### [ASSIGNED TASK]
Copy word for word the lines of the records below, beginning at the one with "Portable Steam Sauna" and finishing at the one with "Mulucky 5 String", ends included, but none of the pictures.

### [DATASET CONTENT]
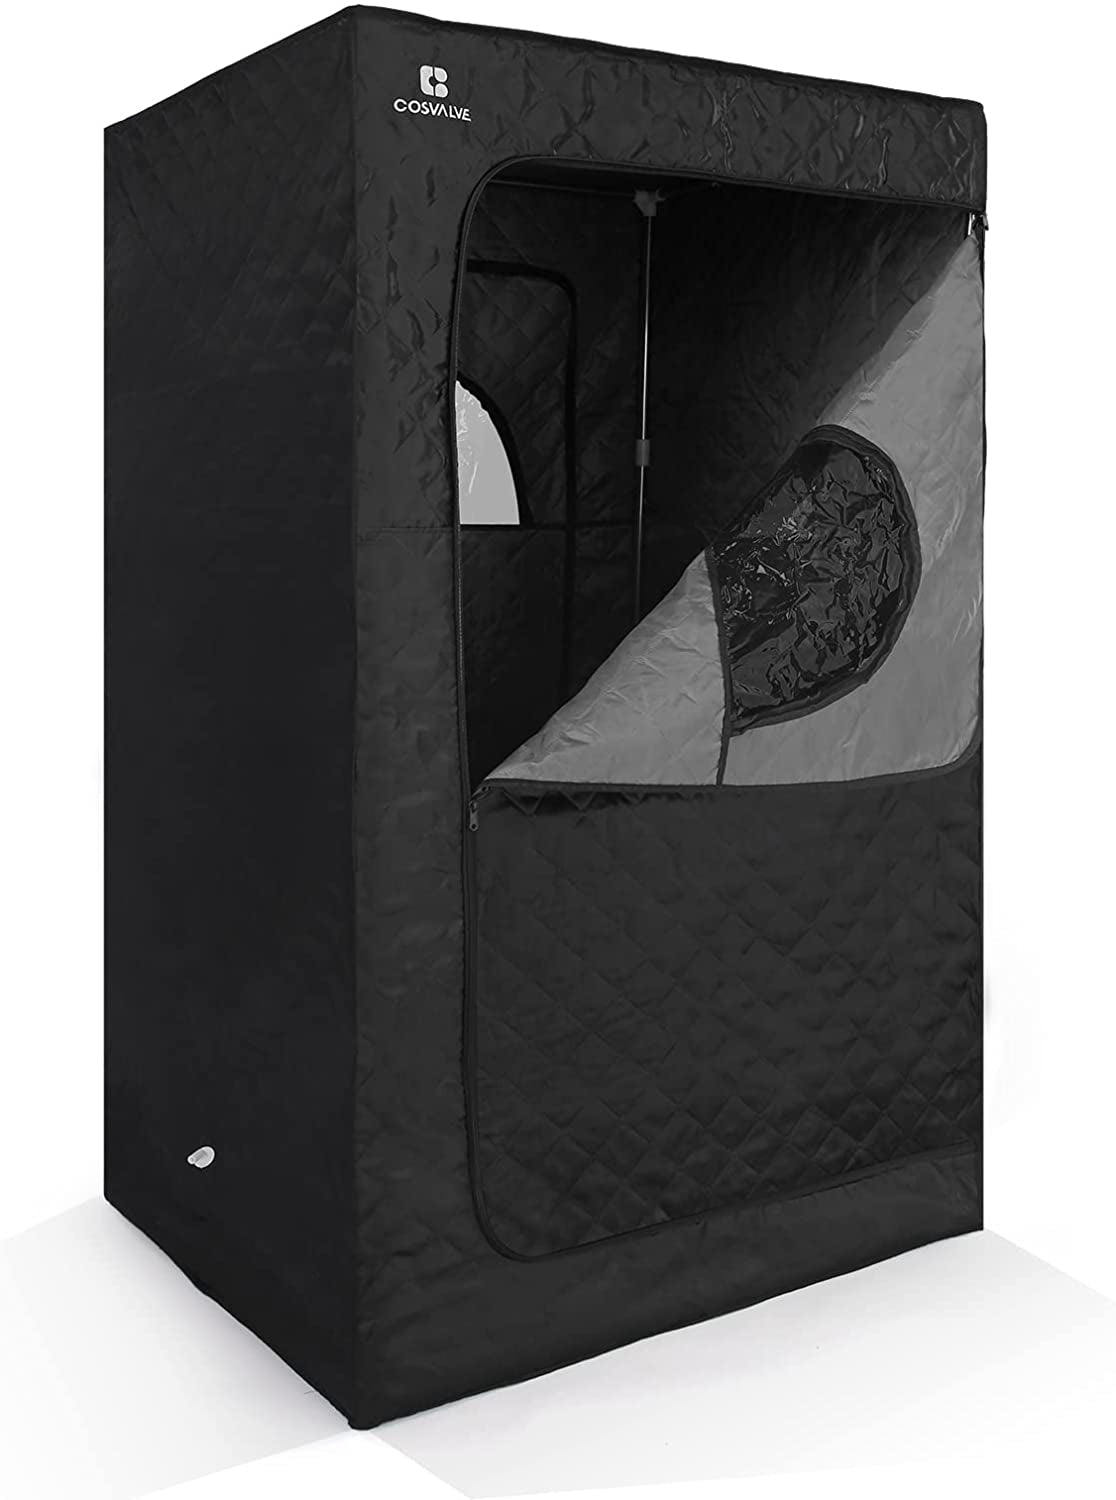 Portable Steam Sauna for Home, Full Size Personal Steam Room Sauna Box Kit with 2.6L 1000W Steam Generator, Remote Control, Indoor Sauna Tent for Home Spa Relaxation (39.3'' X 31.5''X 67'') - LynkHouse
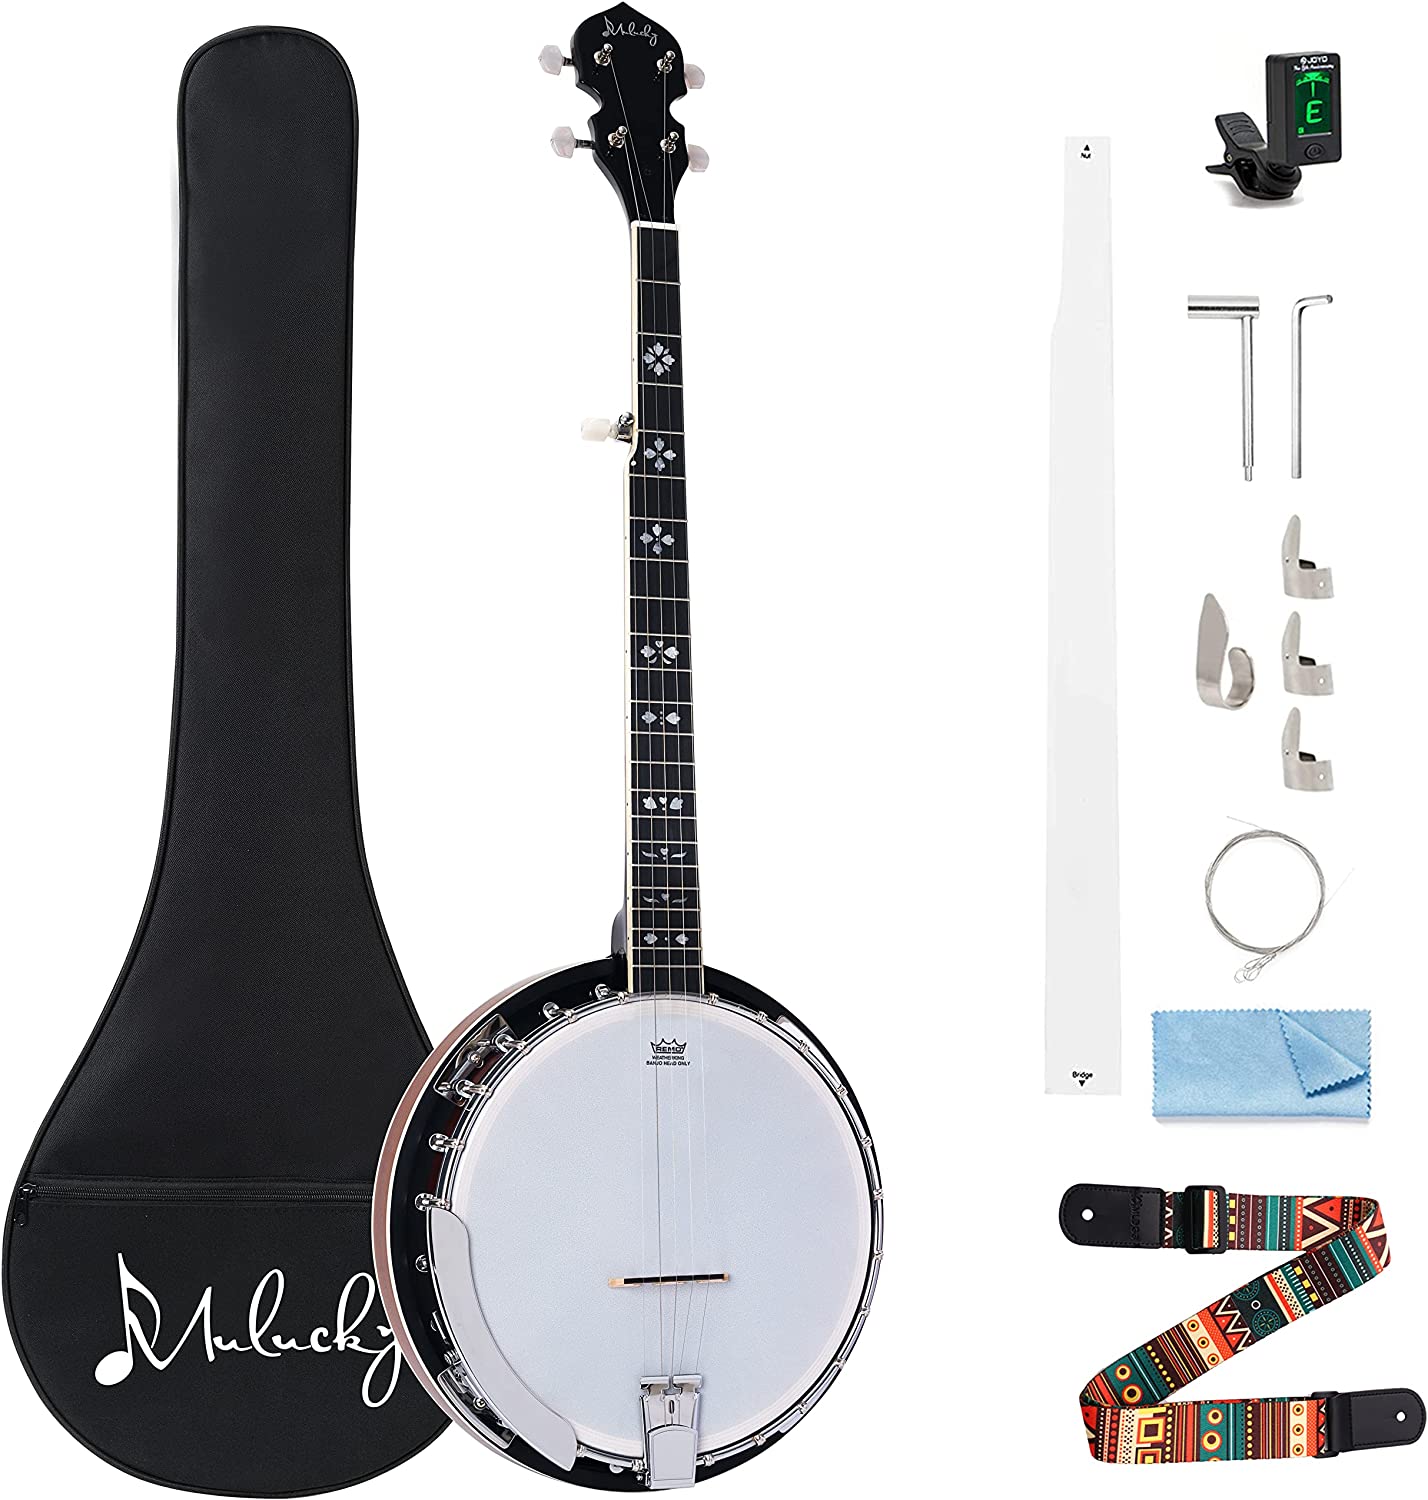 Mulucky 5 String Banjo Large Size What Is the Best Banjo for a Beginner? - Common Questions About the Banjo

--

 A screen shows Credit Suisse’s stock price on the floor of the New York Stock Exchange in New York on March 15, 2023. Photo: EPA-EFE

### [SOLUTION BELOW]
 Portable Steam Sauna for Home, Full Size Personal Steam Room Sauna Box Kit with 2.6L 1000W Steam Generator, Remote Control, Indoor Sauna Tent for Home Spa Relaxation (39.3'' X 31.5''X 67'') - LynkHouse
 Mulucky 5 String Banjo Large Size What Is the Best Banjo for a Beginner? - Common Questions About the Banjo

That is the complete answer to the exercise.